----- SOURCE DATA -----

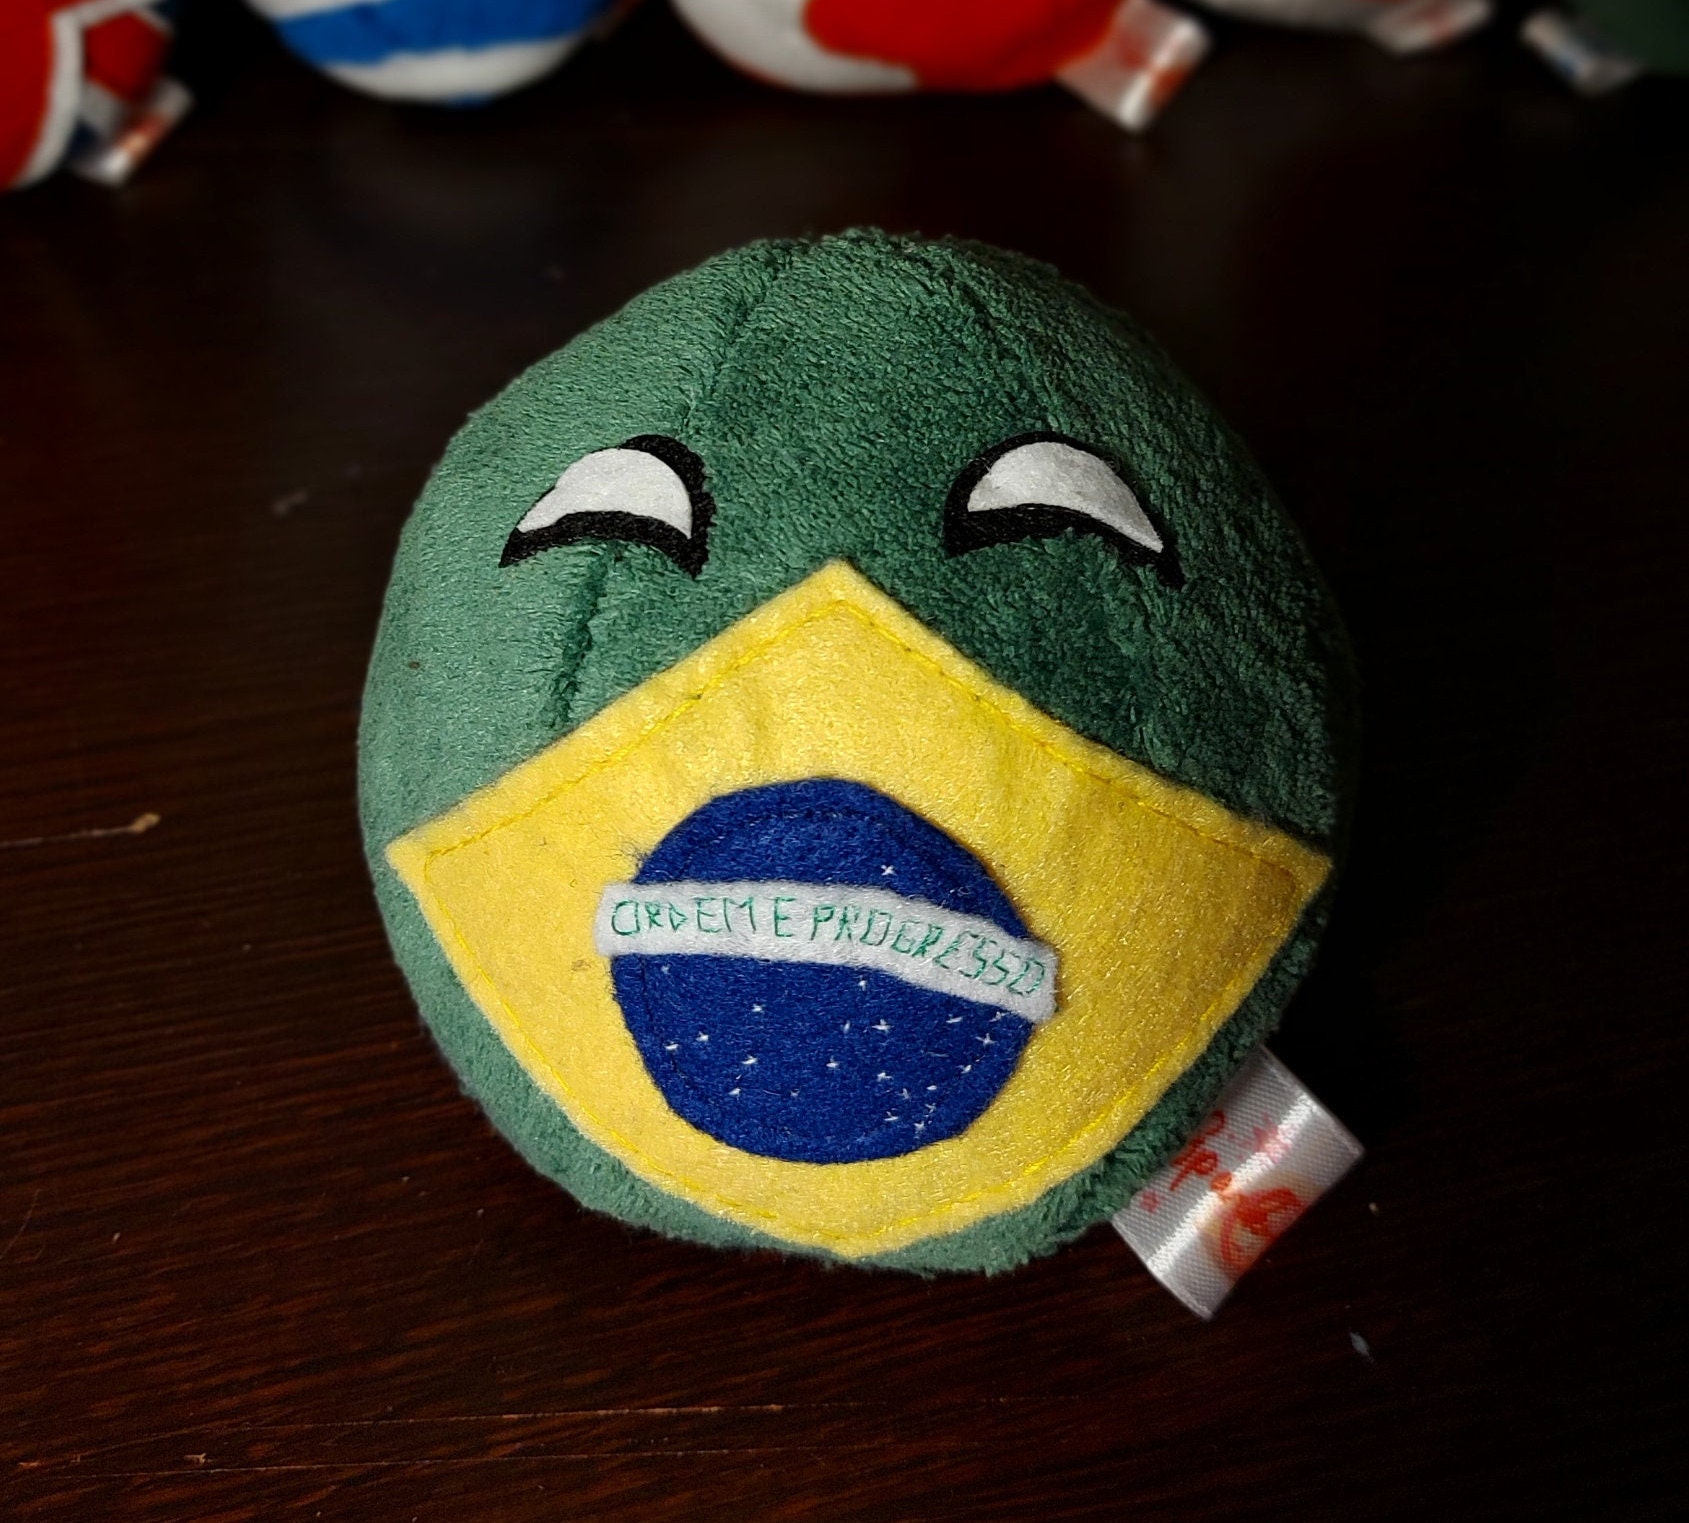 Brasil Countryball Polandball Plush Toy Fan Art 
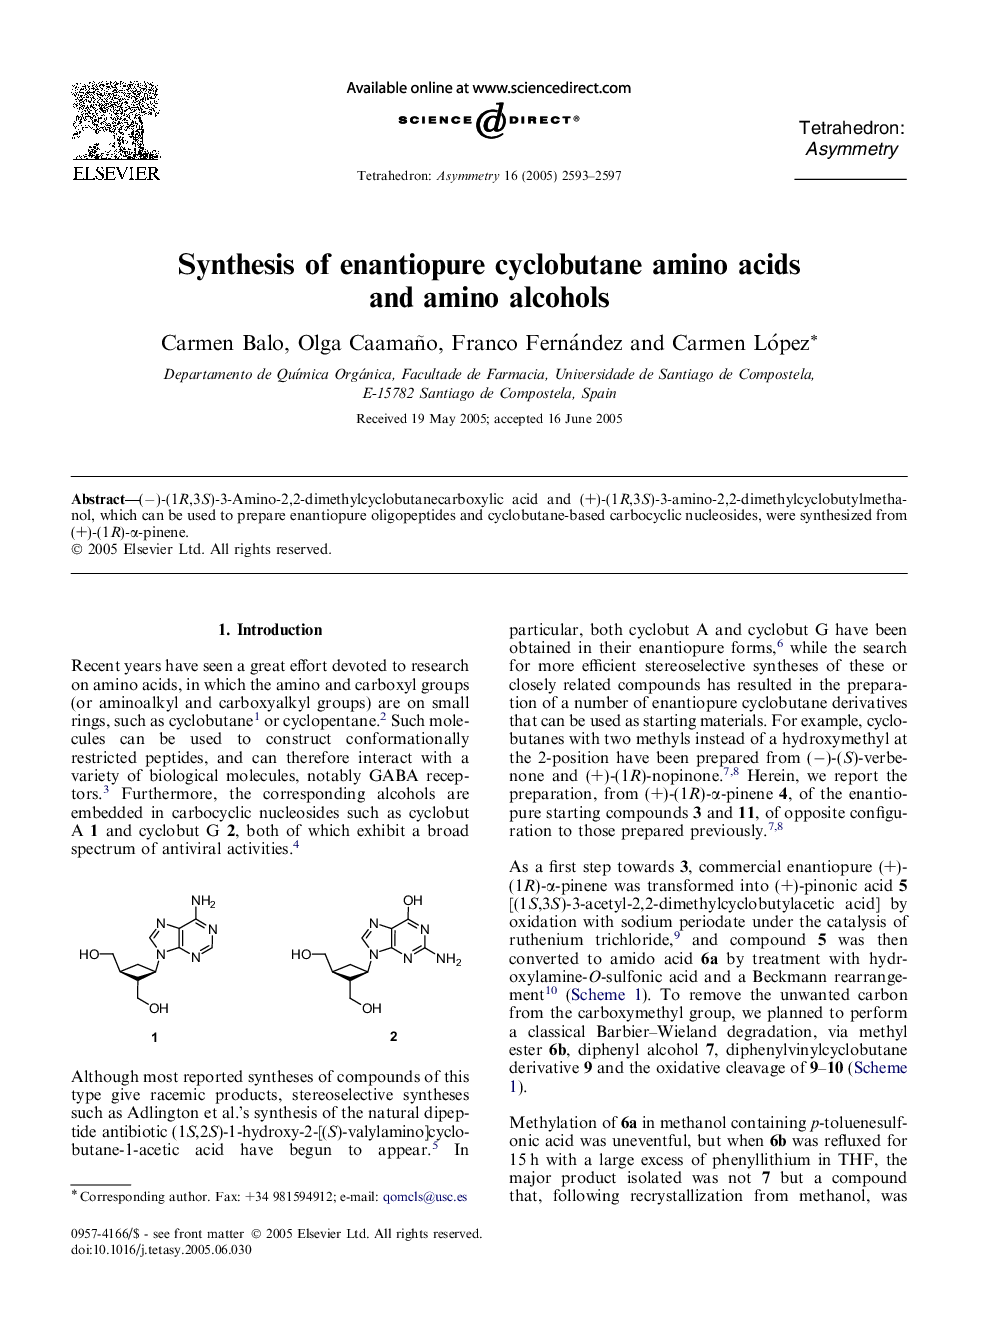 Synthesis of enantiopure cyclobutane amino acids and amino alcohols
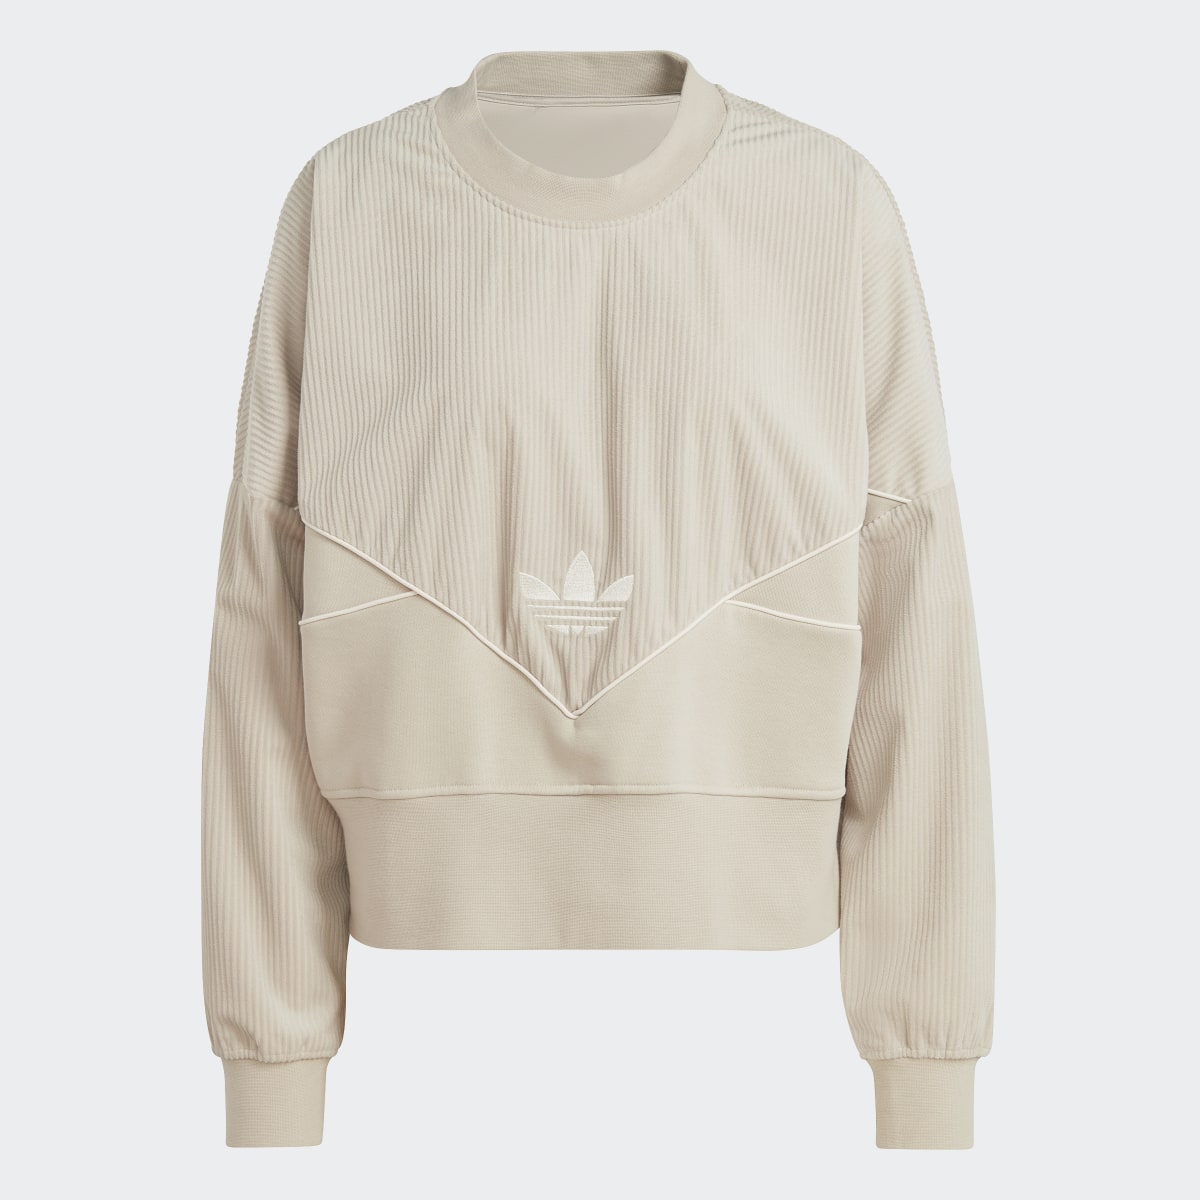 Adidas Corduroy Mix Material Sweatshirt. 5

-----

> WHAT IS EXPECTED:
Pictures stay out. Return exactly the lines from the one with "Synthesis of enantiopure" through the last line of the data.

> RESULT OF THIS TASK:
 Synthesis of enantiopure cyclobutane amino acids and amino alcohols
 Adidas Corduroy Mix Material Sweatshirt. 5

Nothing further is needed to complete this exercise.